Selfies and fine art are rarely discussed in the same breath, but British artist Jonathan Yeo argues the two are more alike than most people might think.
For his new retrospective at Denmark’s Museum of National History, Yeo has painted portraits of two women who are famous (if not infamous) for their selfies: supermodel, actor and Instagram icon Cara Delevingne, who posed for the artist six times in the last 15 months, and Danish Prime Minister Helle Thorning-Schmidt, who caused a minor scandal when she took a selfie with President Obama and U.K. Prime Minister David Cameron at the 2013 funeral for Nelson Mandela.

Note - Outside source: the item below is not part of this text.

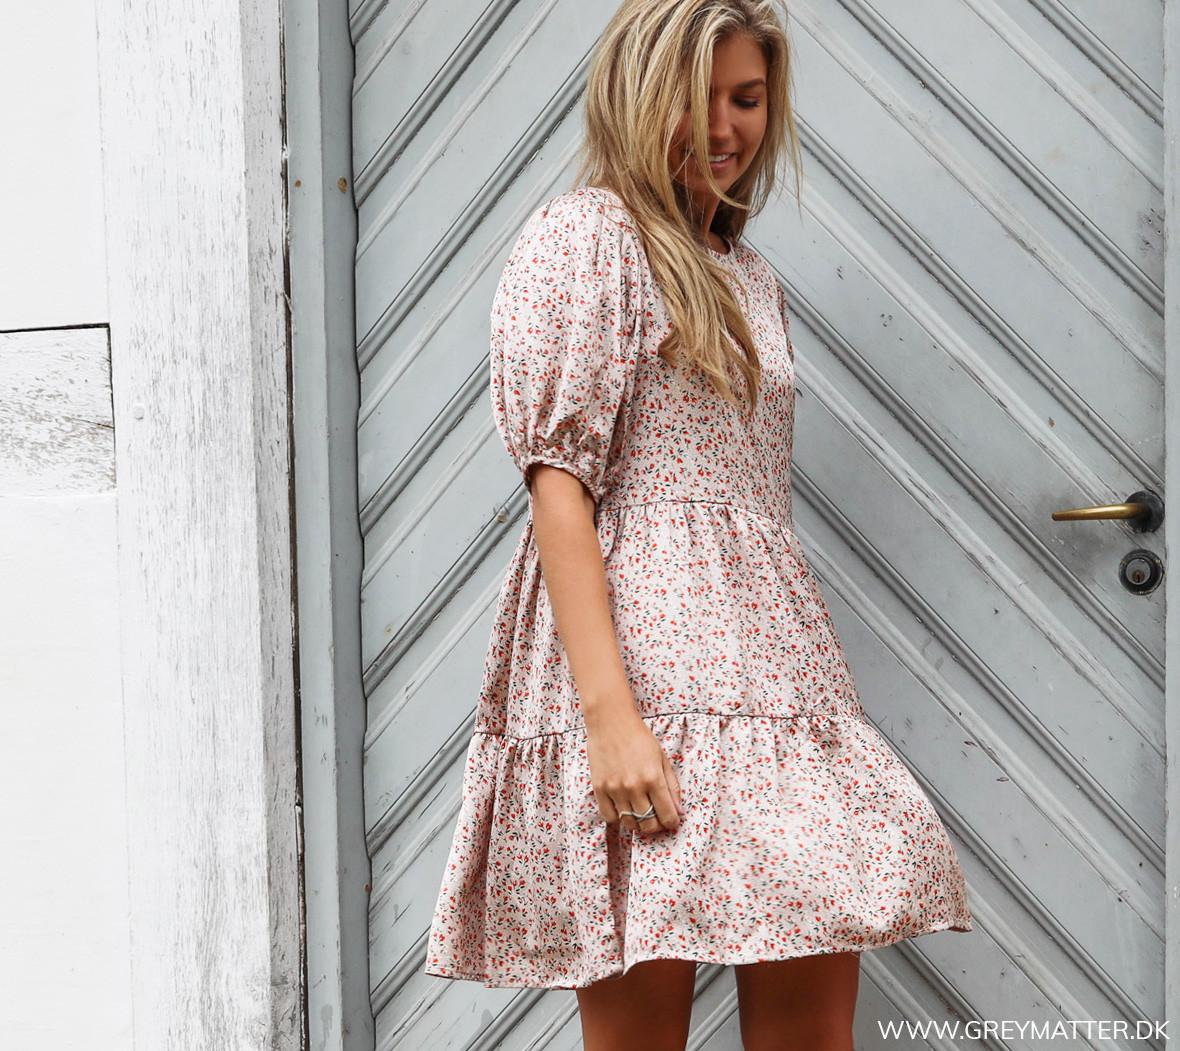 blog_bloggerlife_greymatter_fashion.jpg
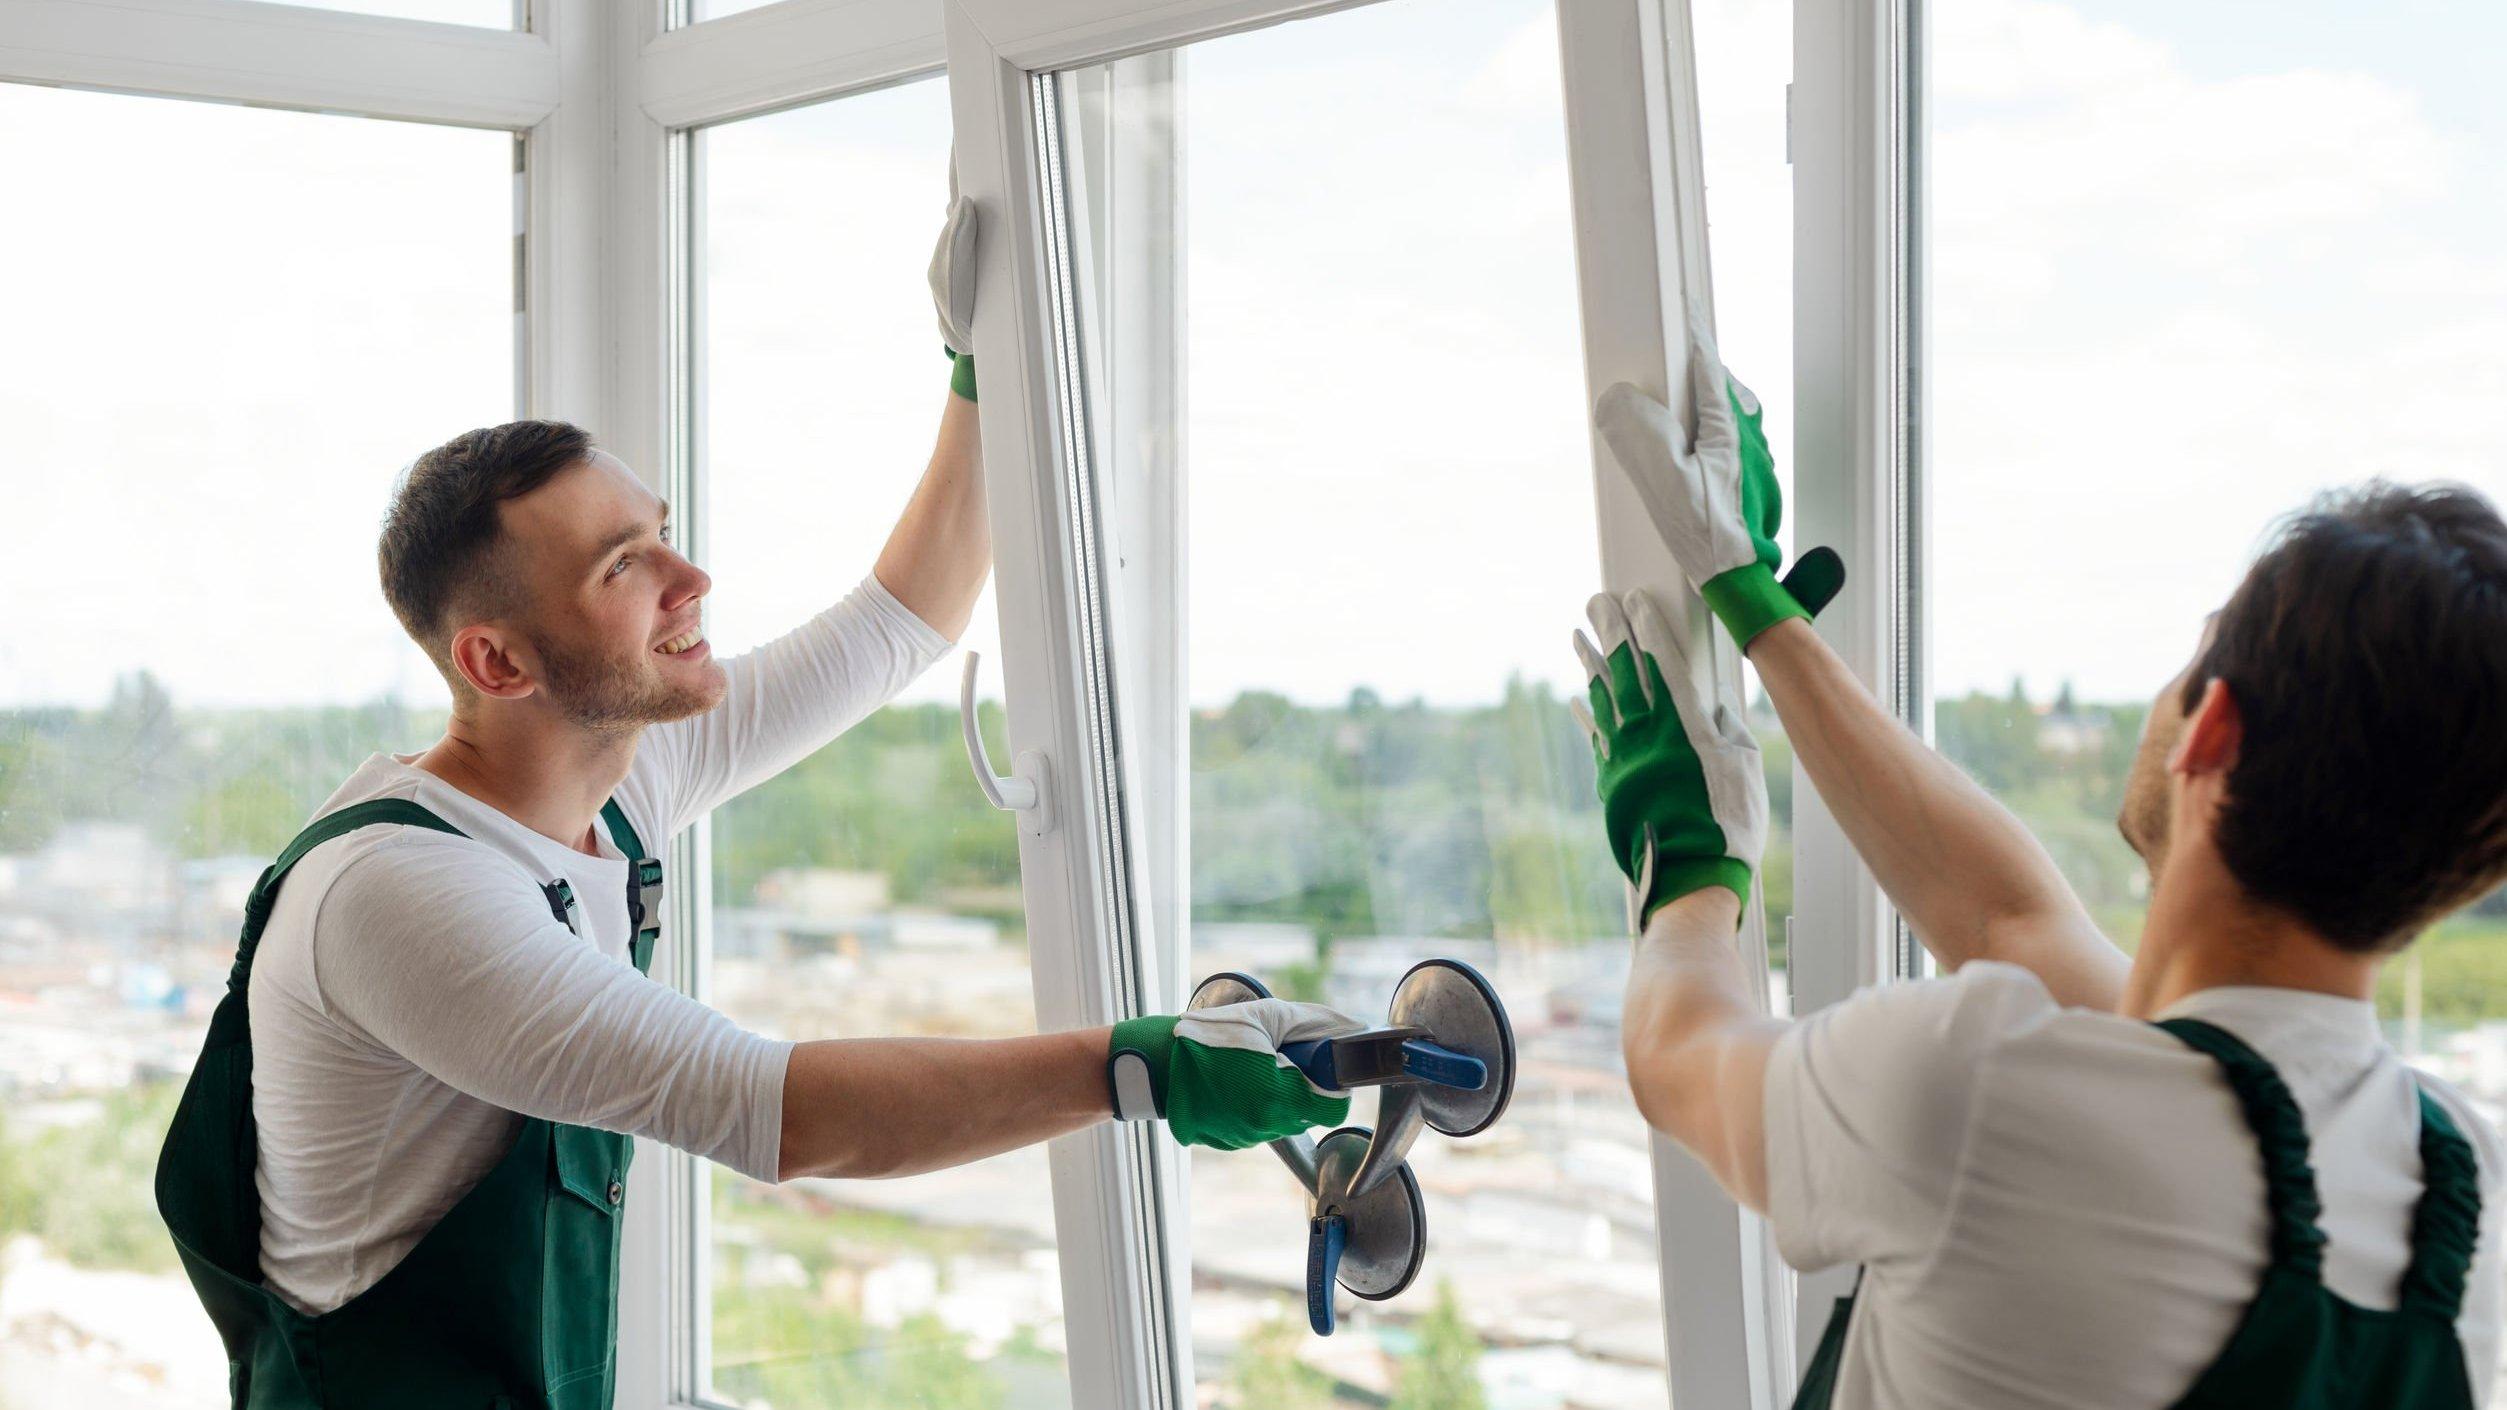 Homens instalando janela de vidro.

“The way we manipulate and read self-portrait images, or ‘selfies’, in the last five years has far more in common with the activity of the 16th-century portrait artists and audiences than any art movement since the birth of photography,” he said in a statement ahead of the retrospective, which launches this weekend and covers the past 25 years of his career.
The exhibit will also feature portraits of Malala Yousafzai, Nicole Kidman and Kevin Spacey, whose House of Cards character, Frank Underwood, was the subject of a recent Yeo portrait that hung in Washington’s National Portrait Gallery.
“Just a few years ago everyone thought the camera had killed painting, but we are starting to see it has actually saved it,” Yeo said. “Thanks to camera phones, and social media such as Instagram, we are all starting to think like painters.”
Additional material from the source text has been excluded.